Provided material:
++++++++

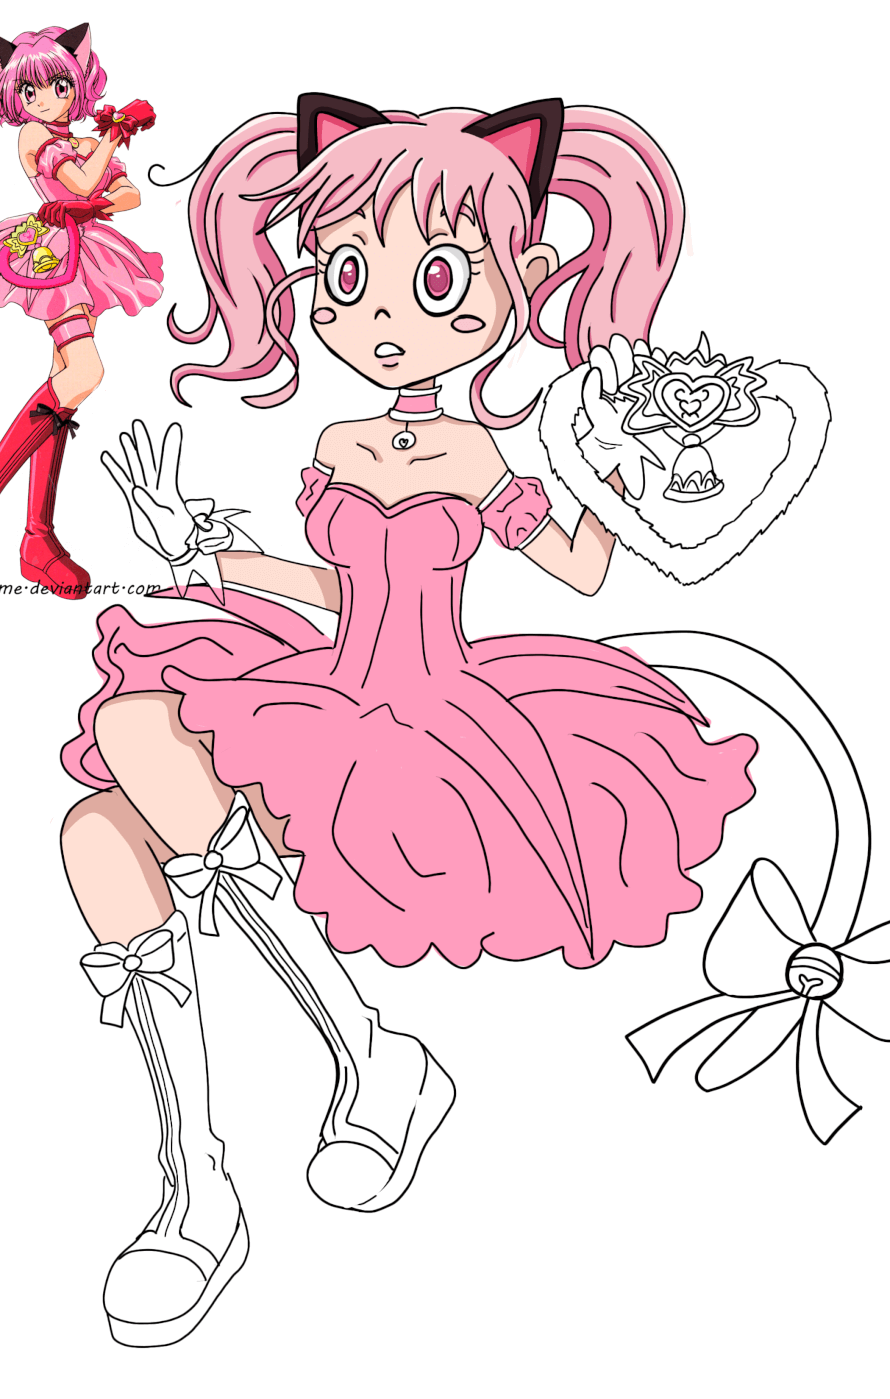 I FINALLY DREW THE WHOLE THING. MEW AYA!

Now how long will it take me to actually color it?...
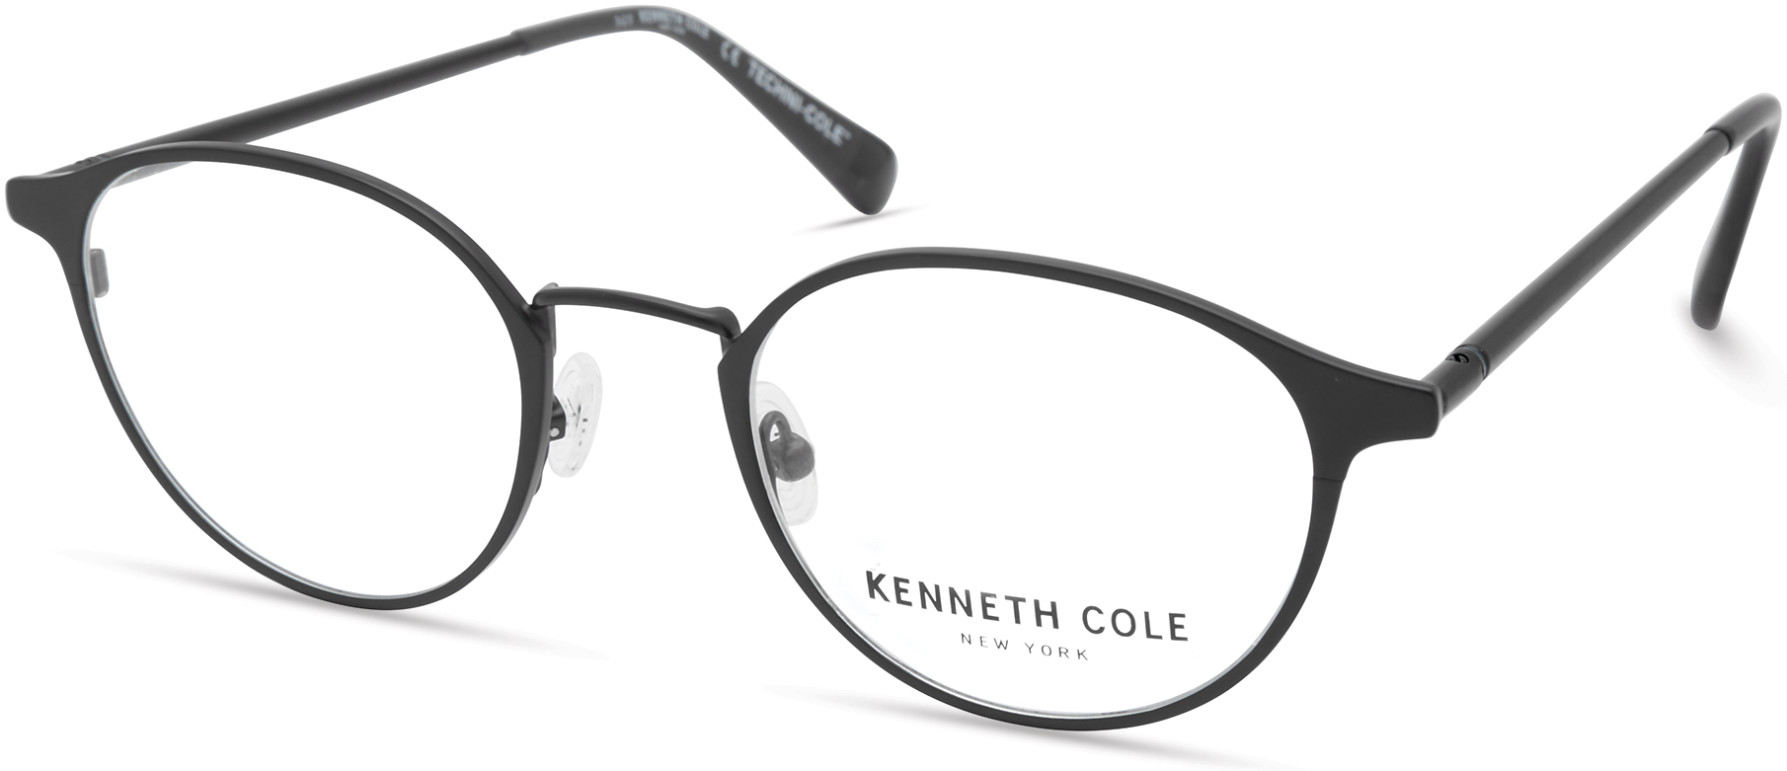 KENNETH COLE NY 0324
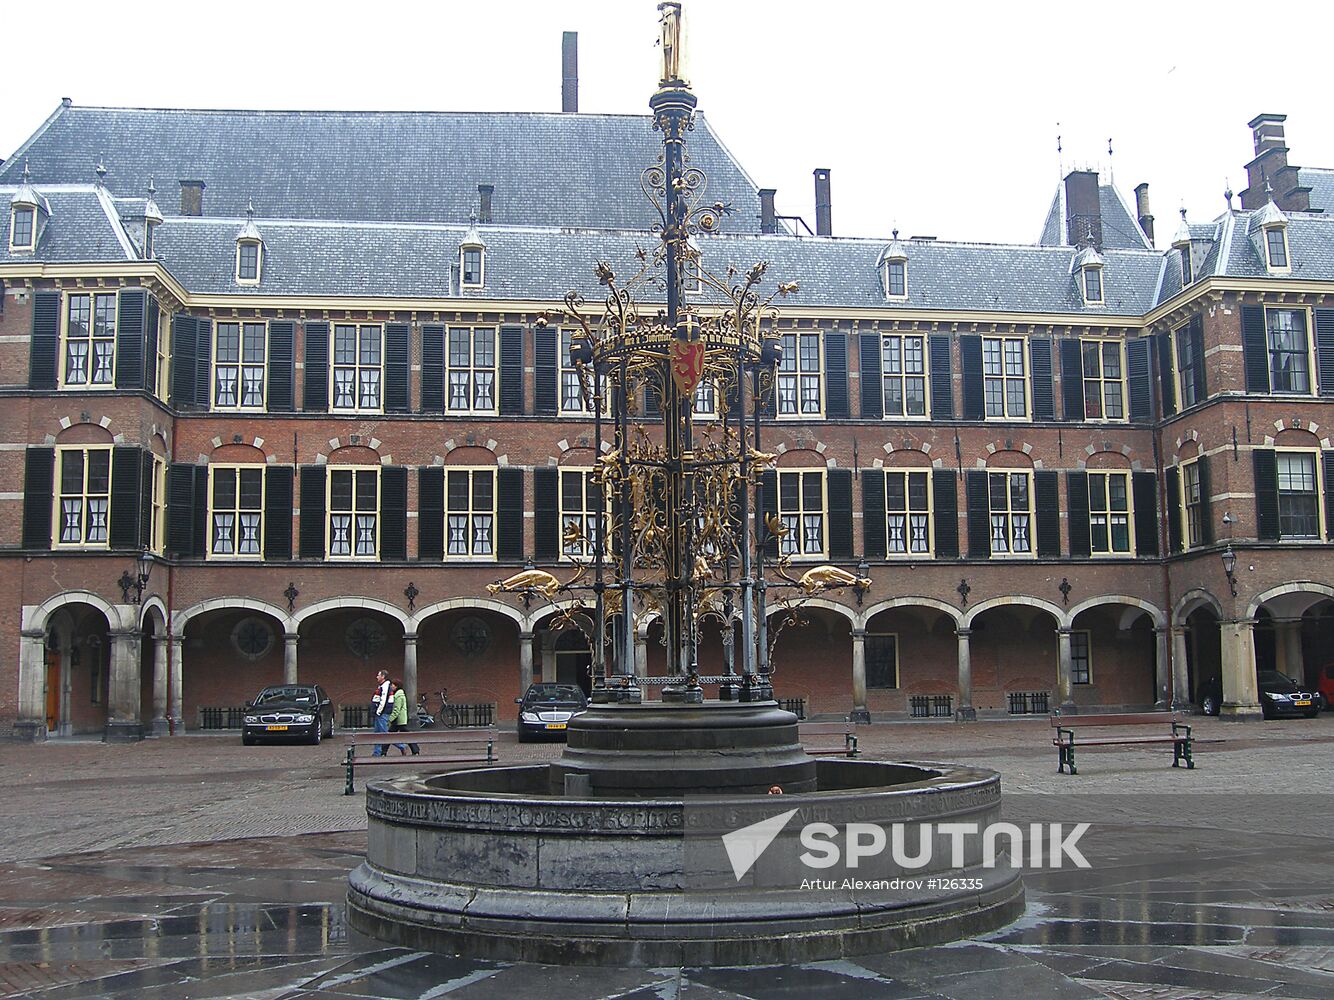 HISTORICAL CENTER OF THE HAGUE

++++++++

Instructions for the task: Write out the material above exactly; no pictures.

Result:
 I FINALLY DREW THE WHOLE THING. MEW AYA!

Now how long will it take me to actually color it?...
 KENNETH COLE NY 0324
 HISTORICAL CENTER OF THE HAGUE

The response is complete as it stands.